Normal people display many traits associated with disorders in the DSM-5. That doesn't mean they suffer the illnesses. I didn't assume that about the receiving end because it could be a young adult and there are no quotations from them.

[quote]
But the type person saying each of these things comes across angry/resentful, sensitive/neglected, confused/fragile, frustrated/irritated, lonely/needy [/quote]

I believe that's because you have more information. People that aren't neglected, sensitive, confused, "fragil", needy can still utter those sentences.
Peppa · 31-35, F
@Miram @Miram well those are emotions that people can feel at any given time with a healthy and sound mind or mental disorder. So to claim possible bi polar is unfair.
I don't have more details they are random scenarios.

We have the same thing here in the UK. So I don't understand the confusion as their differences. She states she's a psychologist with a list of PhD bsc etc etcs.

She was diagnosis but merely challenging how were interpret what's being said to us, and learning to to see it beyond just what's being thrown at you there and then.

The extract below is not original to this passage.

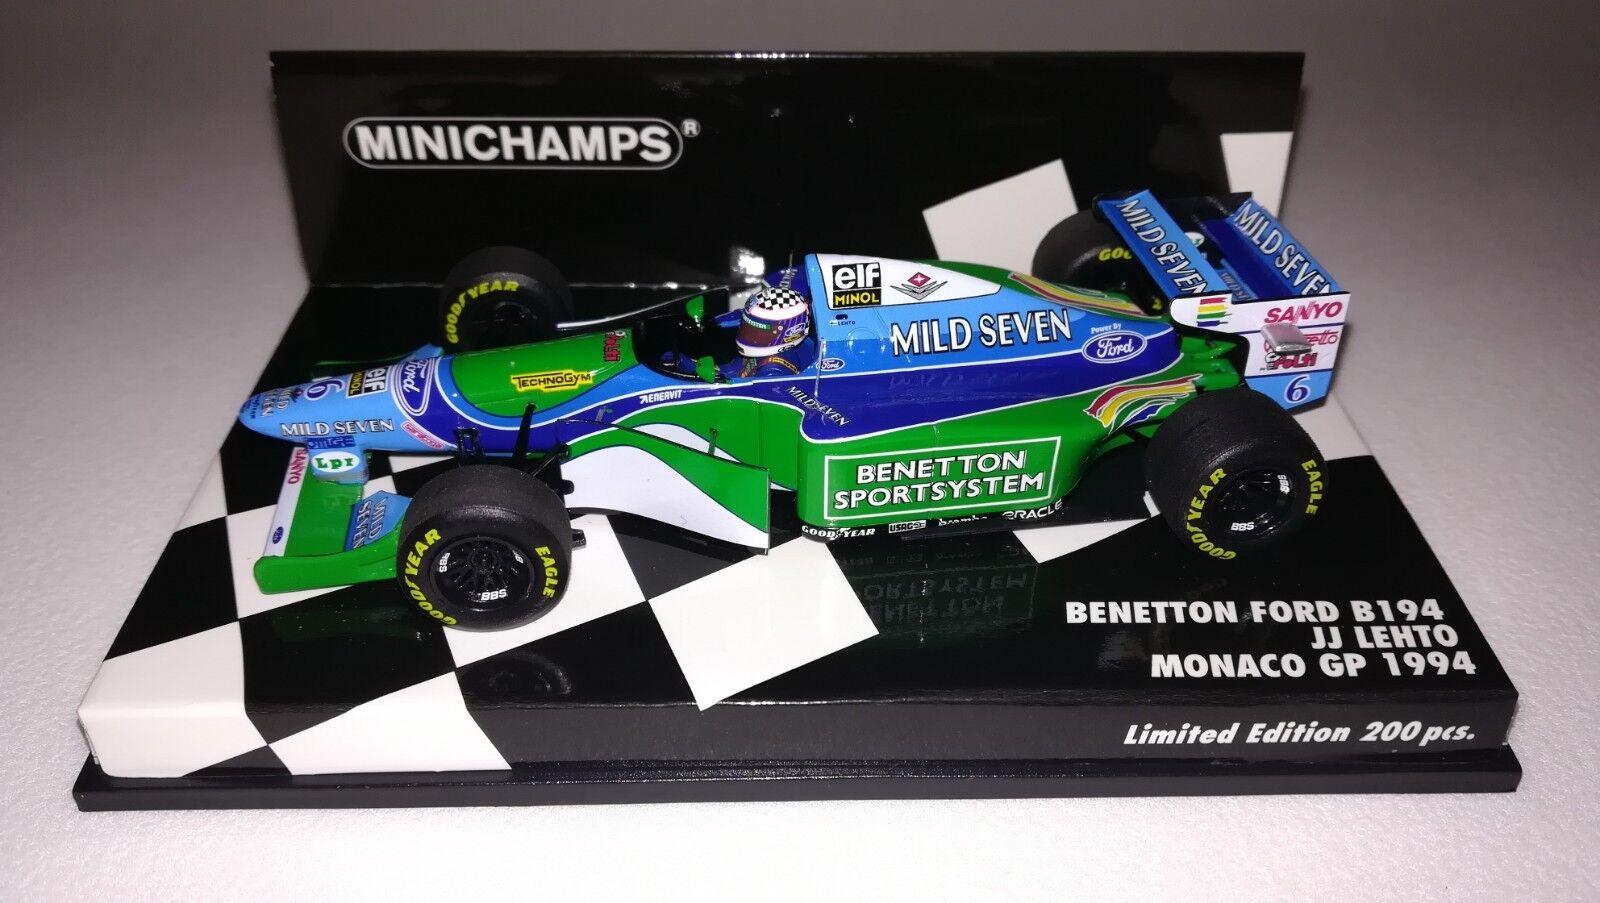 Minichamps F1 Benetton Ford B194 JJ Lehto 1 43 Monaco GP 1994 'Mild Seven'

Like analyzing behaviour, a child is sat barely able to stay awake as their eyes fight off the sleep, you tell them it time for bed, they say they aren't ready.
This under the microscope, could be viewed in a number of ways.
But what information do you extract and does it have implications for something more in the parent child relationship.
As you dig deeper the age becomes factor in the equation and so on...

Good for you being a Gp, do you enjoy it?
Miram · 31-35, F
@Peppa

[quote] So to claim possible bi polar is unfair.[/quote] As I mentioned twice already, I didn't make a diagnosis or claim the person has bipolar.

It's a lot of work. The training as well as the professional development never end even when you are in a seemingly permanent position. Other than that I do enjoy it.

[quote] She was diagnosis but merely challenging how were interpret what's being said to us, and learning to to see it beyond just what's being thrown at you there and then. [/quote]

That's pretty much why I requested a context.